> _Task to carry out_
Copy all the data exactly, except the pictures.

> _Data section_
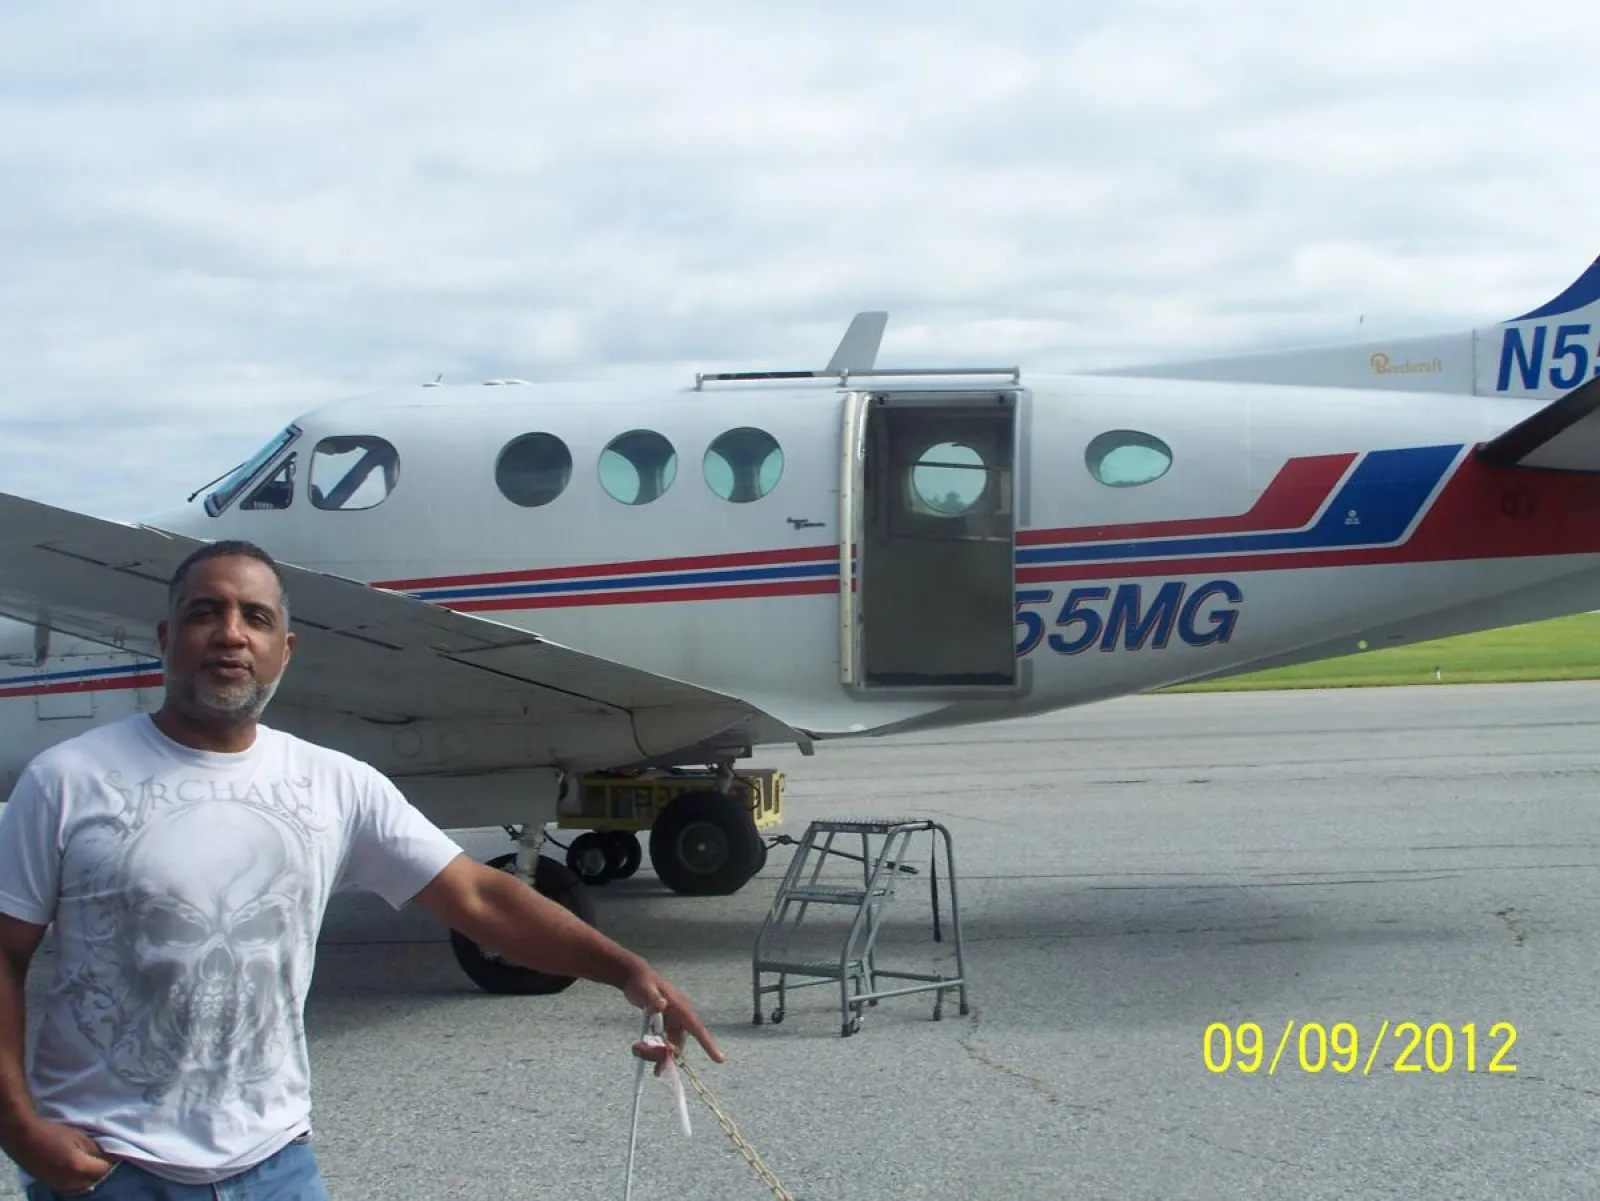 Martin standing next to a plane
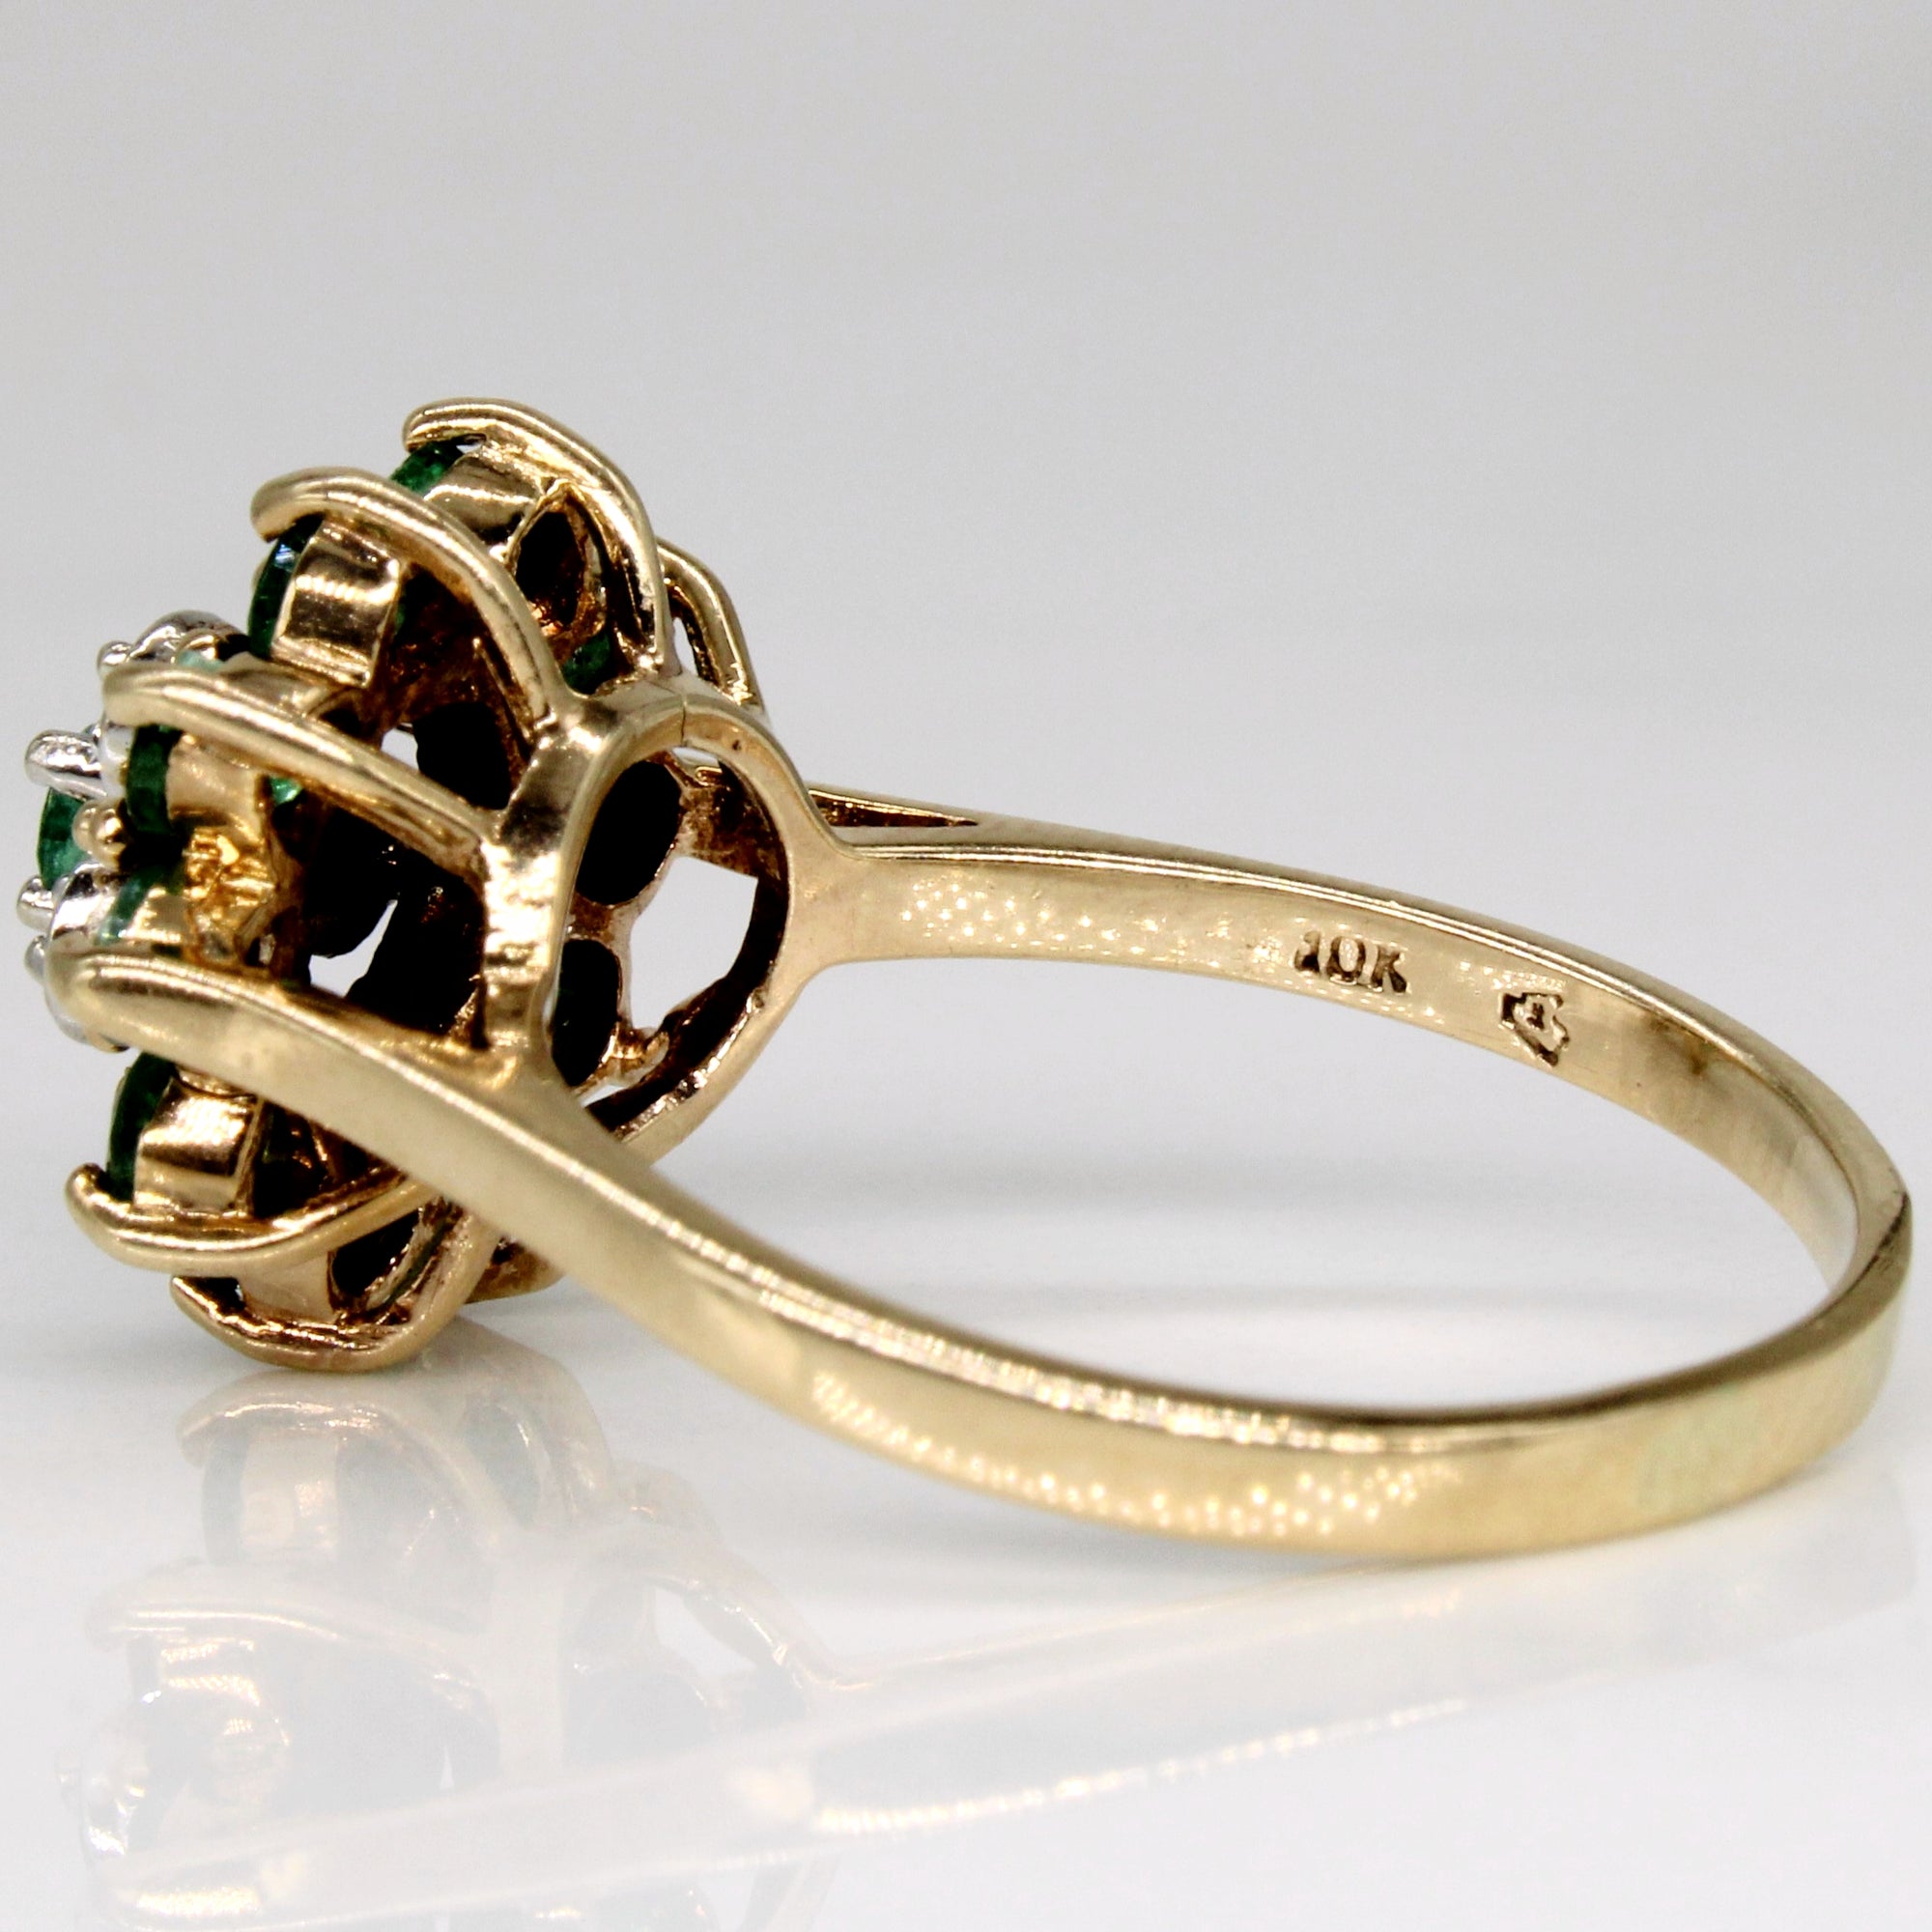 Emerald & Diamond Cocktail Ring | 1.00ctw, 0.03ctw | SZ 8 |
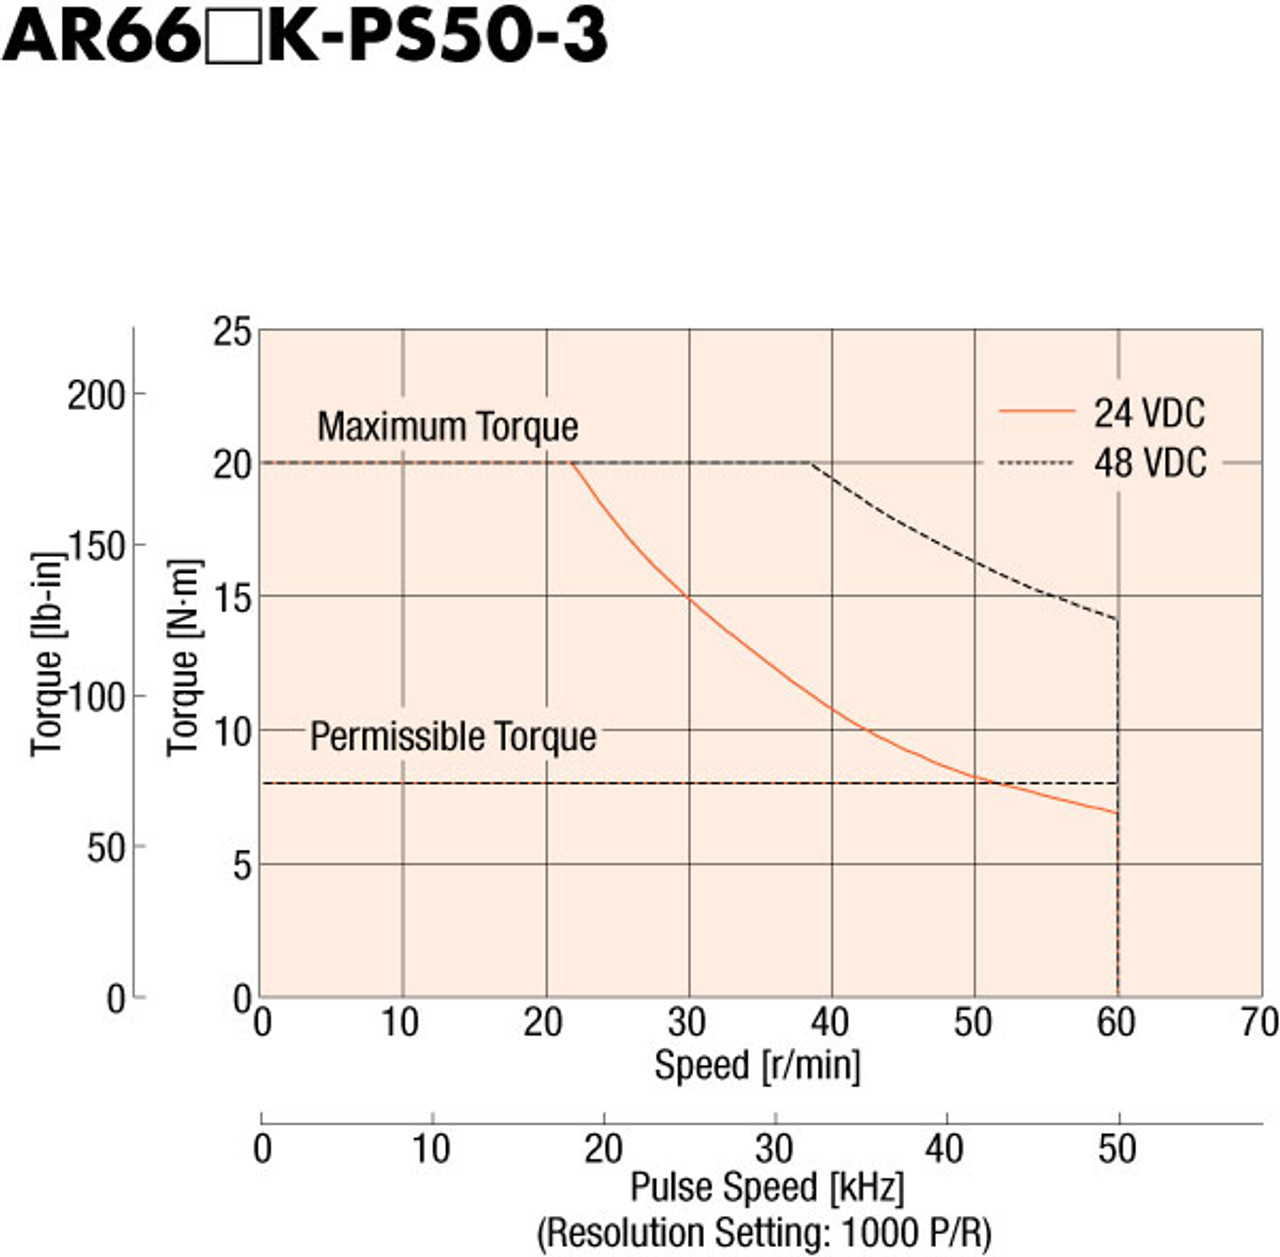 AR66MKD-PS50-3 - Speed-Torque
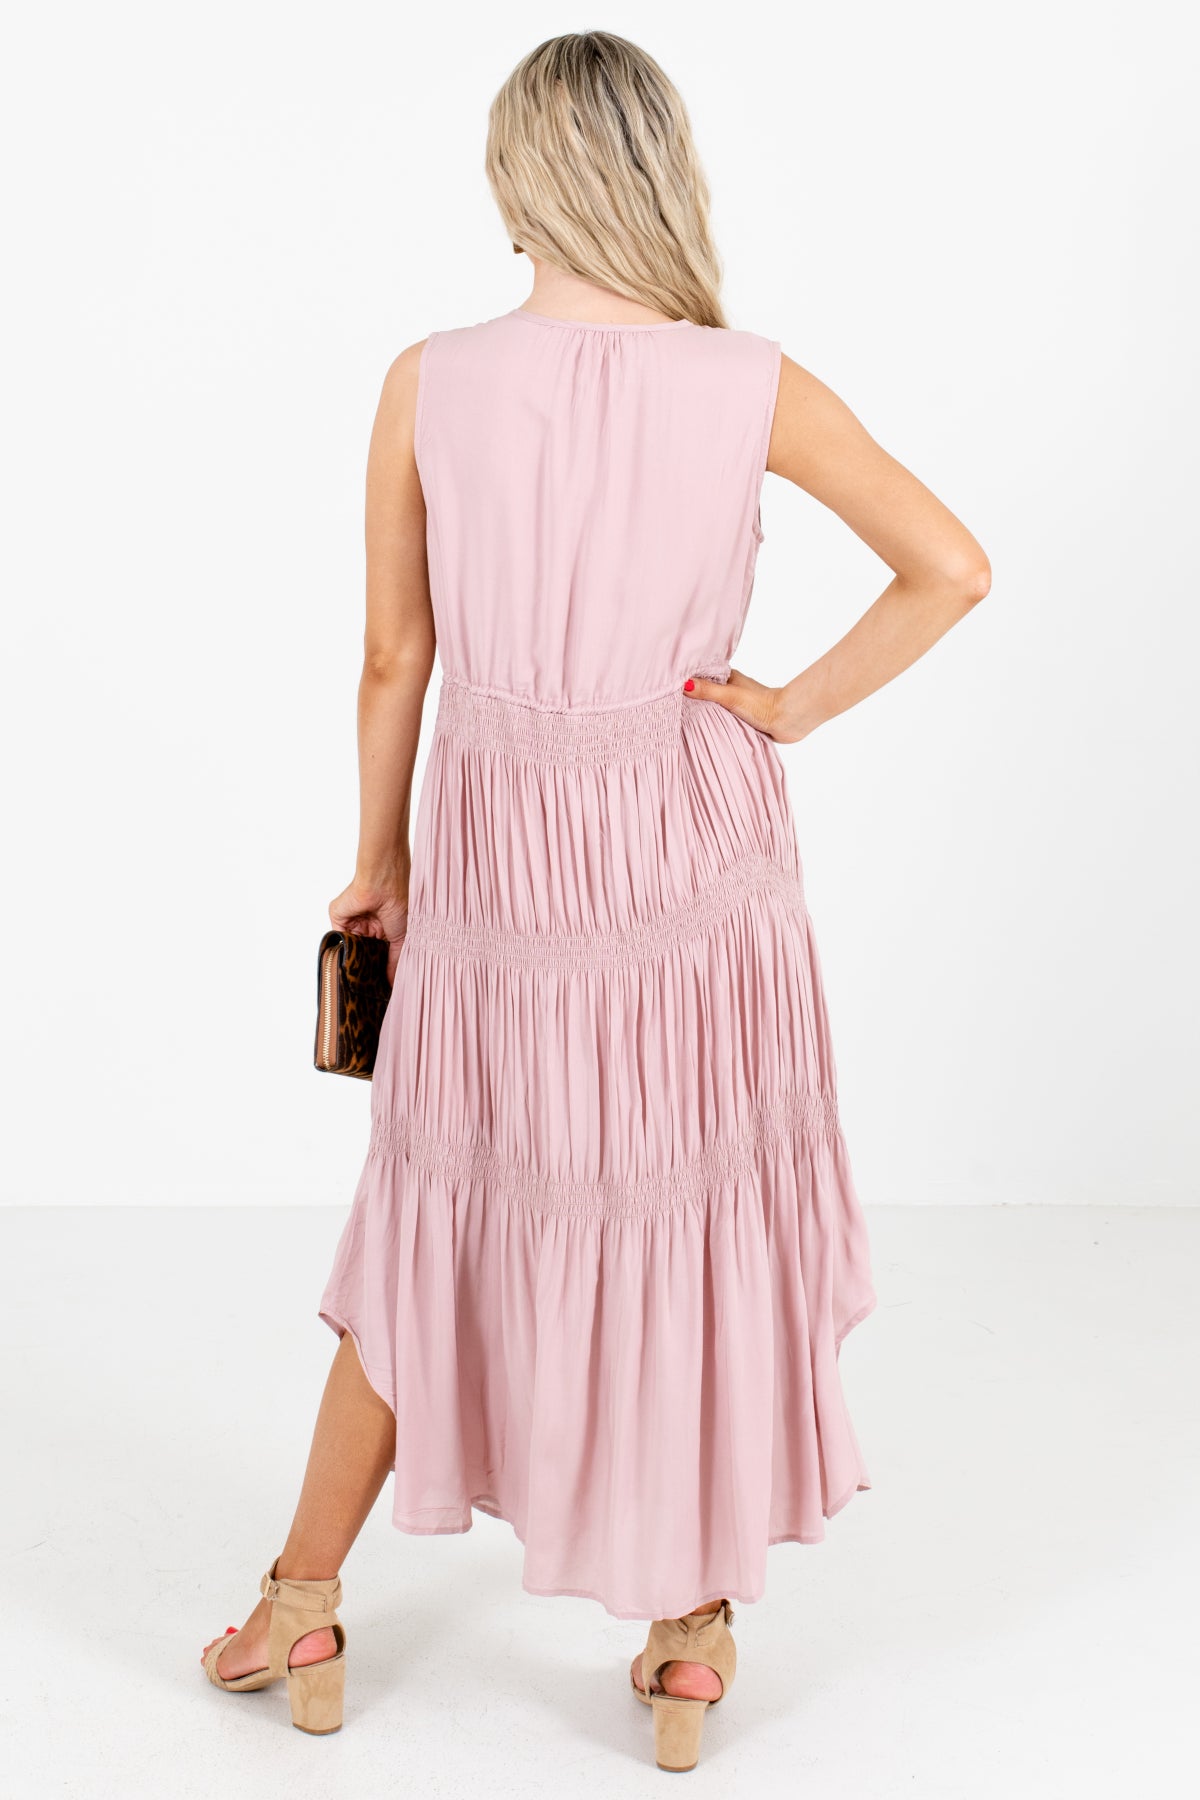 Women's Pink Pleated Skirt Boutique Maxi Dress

> _Result of the task_
 Martin standing next to a plane
 Emerald & Diamond Cocktail Ring | 1.00ctw, 0.03ctw | SZ 8 |
 AR66MKD-PS50-3 - Speed-Torque
 Women's Pink Pleated Skirt Boutique Maxi Dress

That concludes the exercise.